The lawsuit filed Thursday in federal court in Maryland says the new law was passed in "flagrant disregard" of the gun rights guaranteed by the U.S. Constitution's Second Amendment.
The lawsuit was filed by a number of people, including two retired veterans who are Maryland residents, gun stores, the Maryland State Rifle and Pistol Association and the Maryland Licensed Firearms Dealers Association. It seeks to stop the law from taking effect on Tuesday and, ultimately, to have the court permanently bar Maryland from implementing the law.
Earlier this year, Maryland Attorney General Doug Gansler released a 25-page legal review expressing confidence the law is constitutional and legally defensible. However, opponents, including the National Rifle Association, announced when the law was signed in May that they would challenge the law in court.
A spokeswoman for Gov. Martin O'Malley expressed confidence Friday that the law would survive the challenge.
"The vast majority of Marylanders support these common-sense efforts to reduce gun violence. The new law will take effect on Tuesday and it will make families safer," spokeswoman Samantha Kappalman said.

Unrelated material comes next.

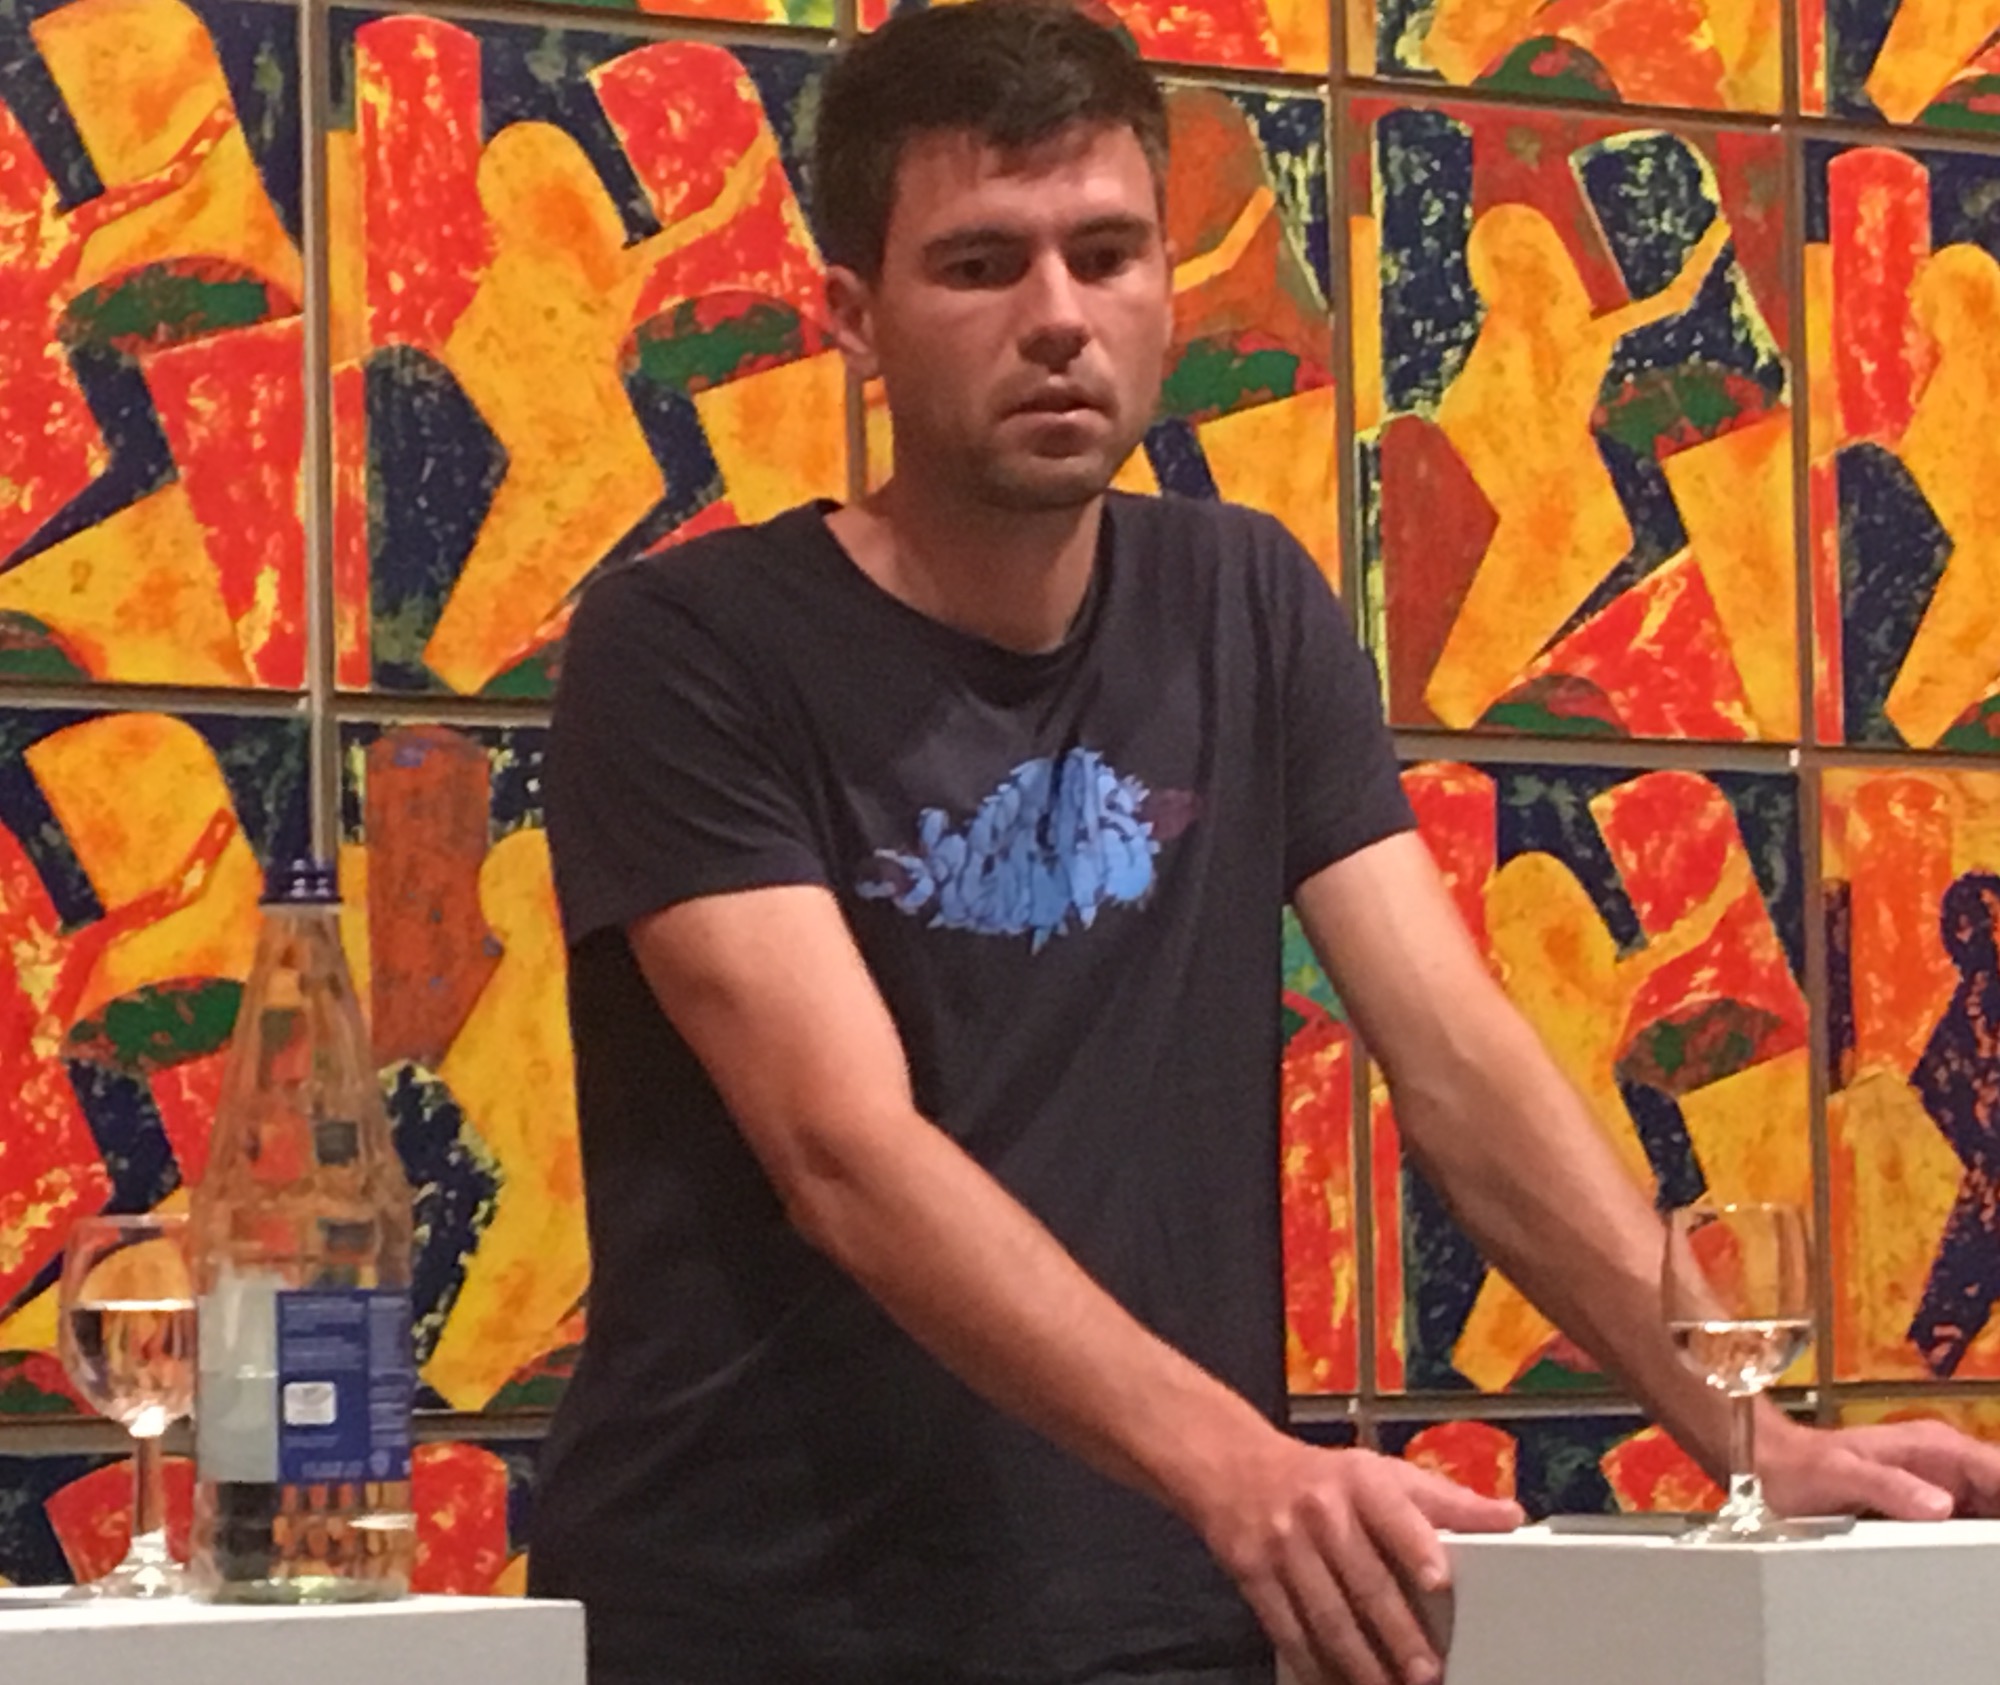 "Ironie ist für uns ein Mittel der Kunst": Philipp Glatz vom Künstler-Duo Bildstein⎜Glatz bei einer Diskussion über das Künstlerbild von heute im Kunstmuseum Thurgau

Gansler spokesman Alan Brody said the state hadn't been formally served with the complaint and declined to comment on the lawsuit.
Plaintiffs' attorney John Parker Sweeney said the court would likely schedule a hearing as early as Monday on his motion for an order temporarily blocking implementation while the court considers whether to permanently bar Maryland from enforcing the law.

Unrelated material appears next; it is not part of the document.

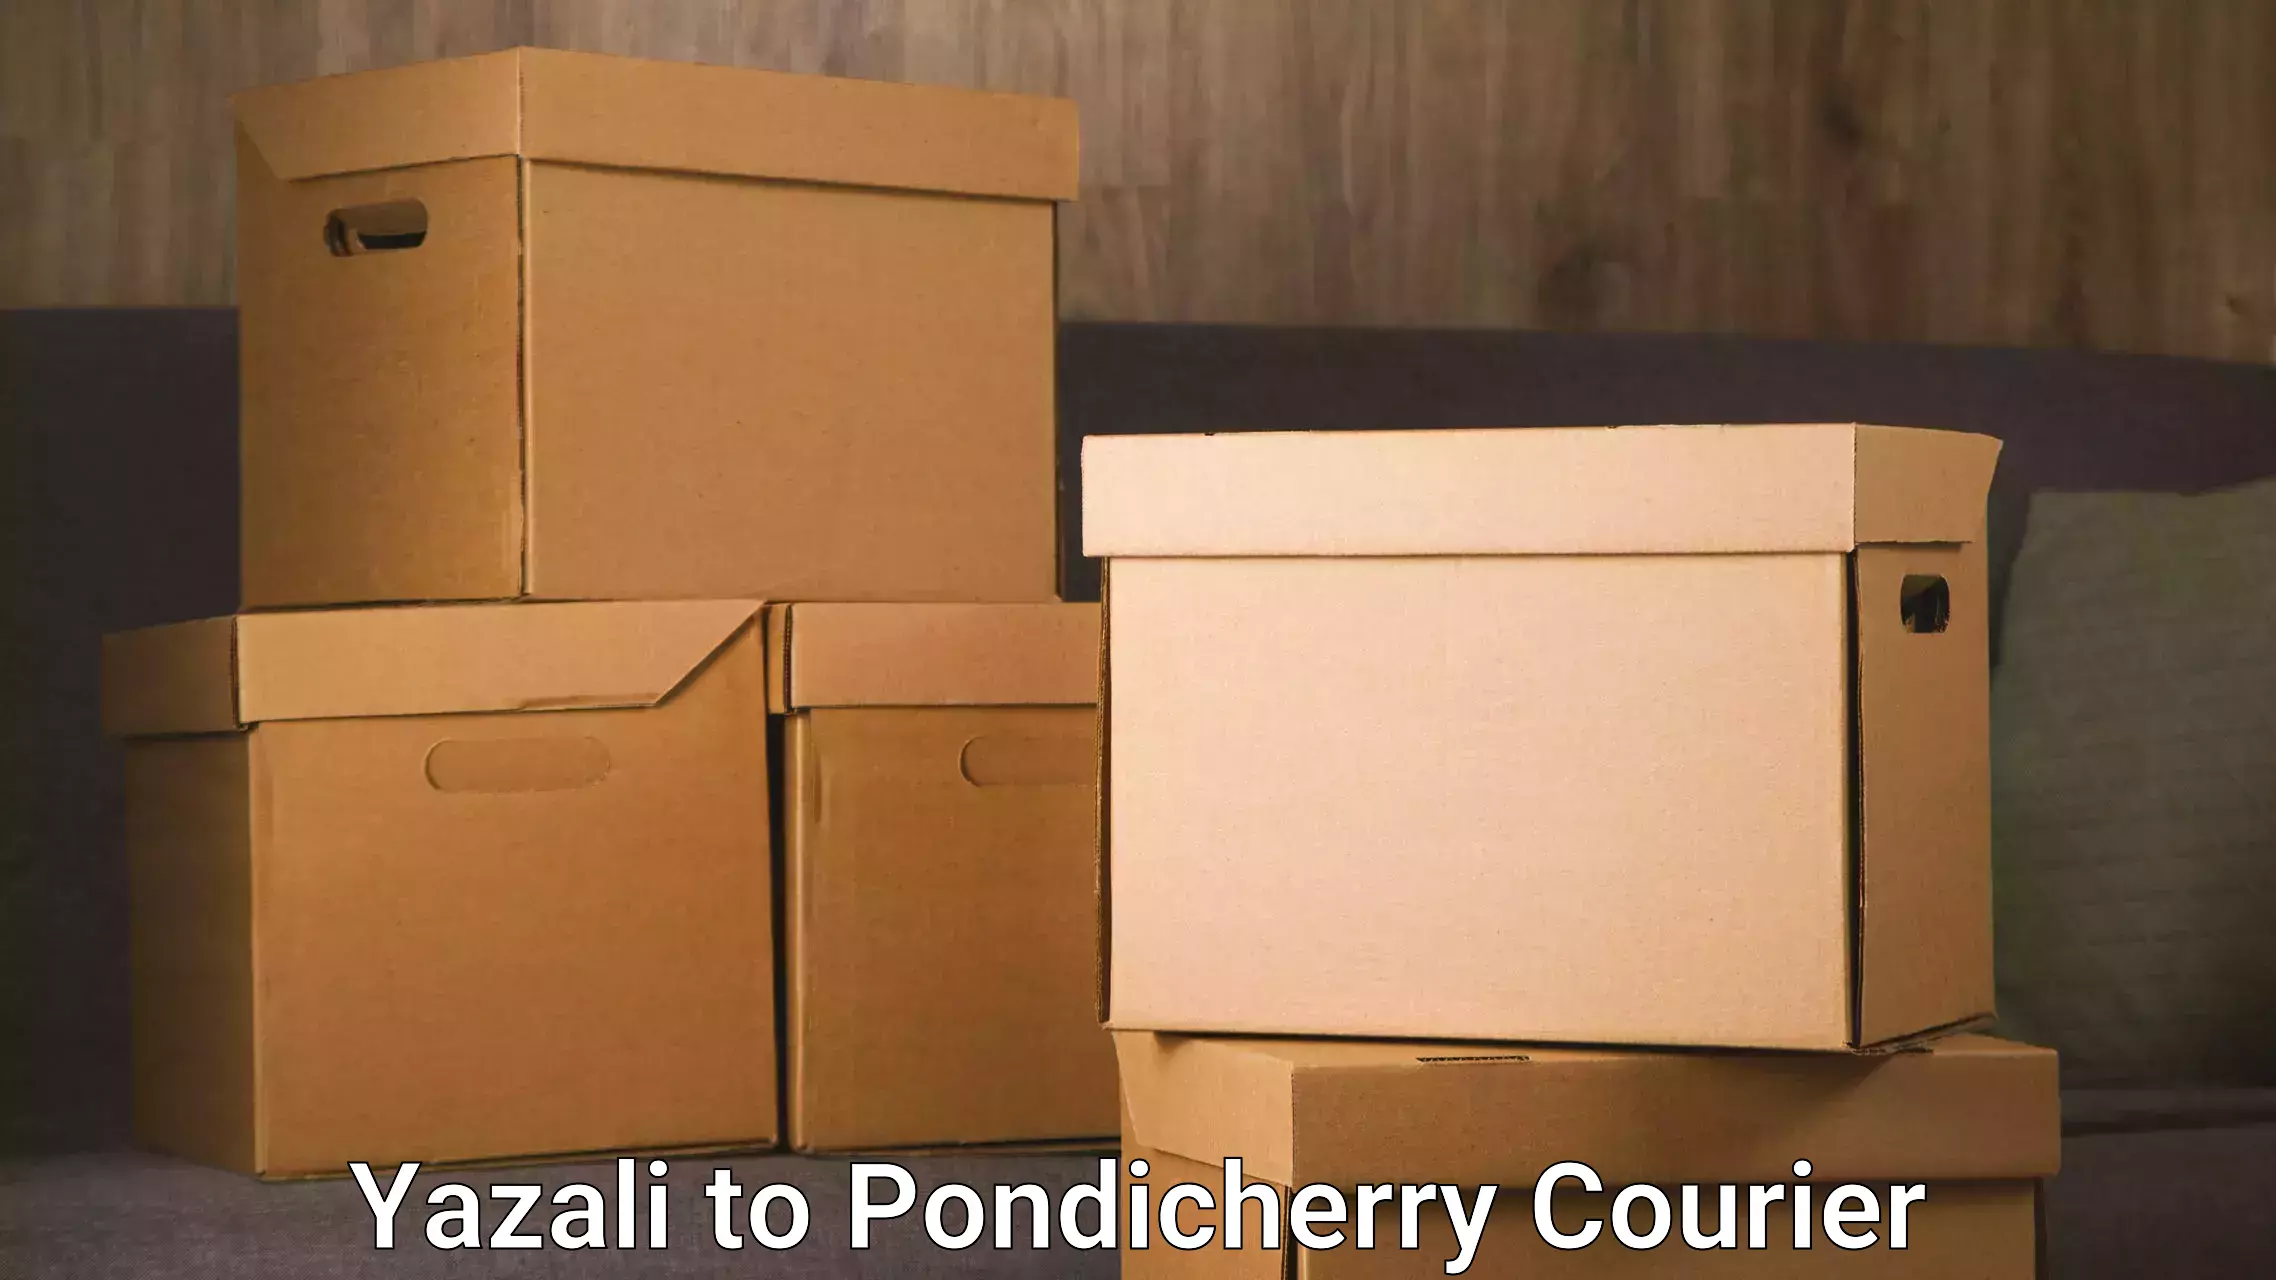 Courier service comparison in Yazali to Pondicherry

Sweeney and co-counsel T. Sky Woodward wrote in their 34-page filing that the law restricts "the ability of law-abiding, responsible citizens" of Maryland "to defend themselves, their families, and their homes by prohibiting outright certain commonly used rifles and shotguns and standard capacity ammunition magazines."

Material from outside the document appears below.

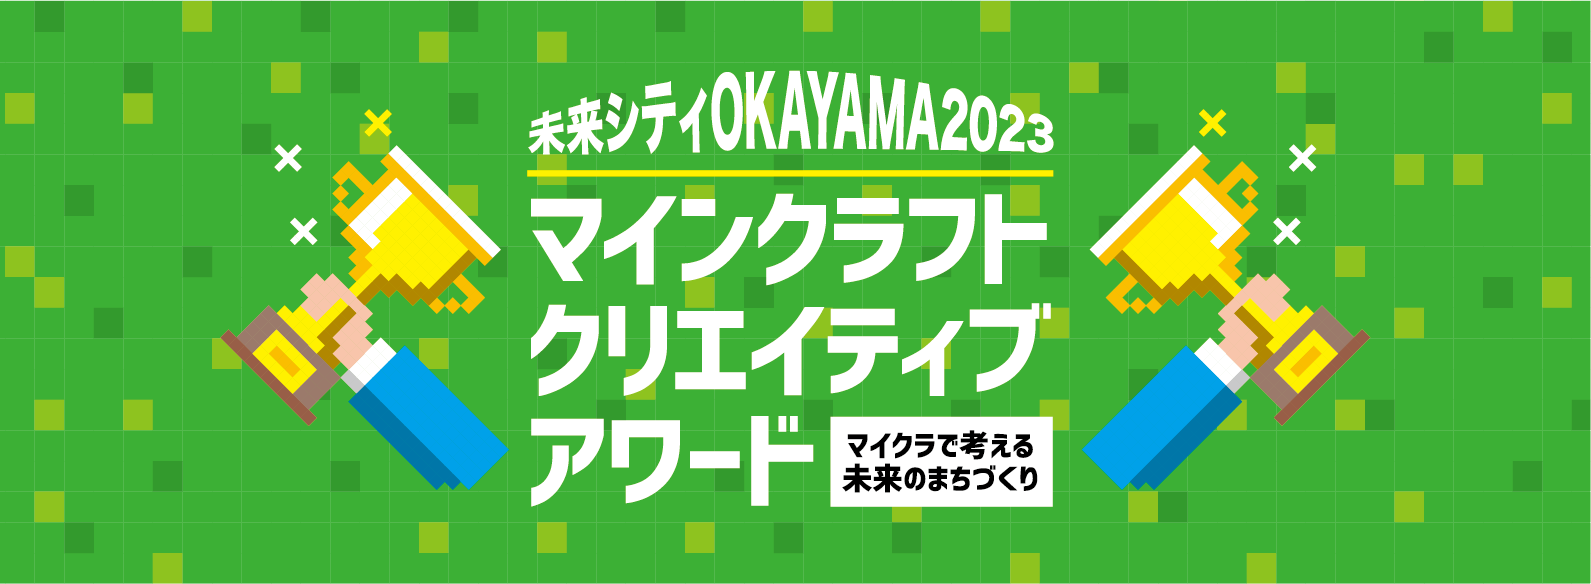 未来シティOKAYAMA2023 マインクラフトクリエイティブアワードのファーストビュー

Part of the law signed by Maryland Gov. Martin O'Malley requires people to submit fingerprints to the state police to get a license to buy a handgun. In addition, the law adds 45 guns to a list of banned assault weapons and limits handgun magazines to 10 rounds. O'Malley, a Democrat, proposed the bill in response to the December shooting in Newtown, Conn., where a gunman killed 20 children and six adults.
The lawsuit prominently cites the U.S. Supreme Court's 2008 decision involving gun rights, District of Columbia v. Heller. The court announced in that case that the Constitution protects an individual's right to possess guns, at least for self-defense in the home. But it left open the question of how broadly the Second Amendment protects gun rights in other settings.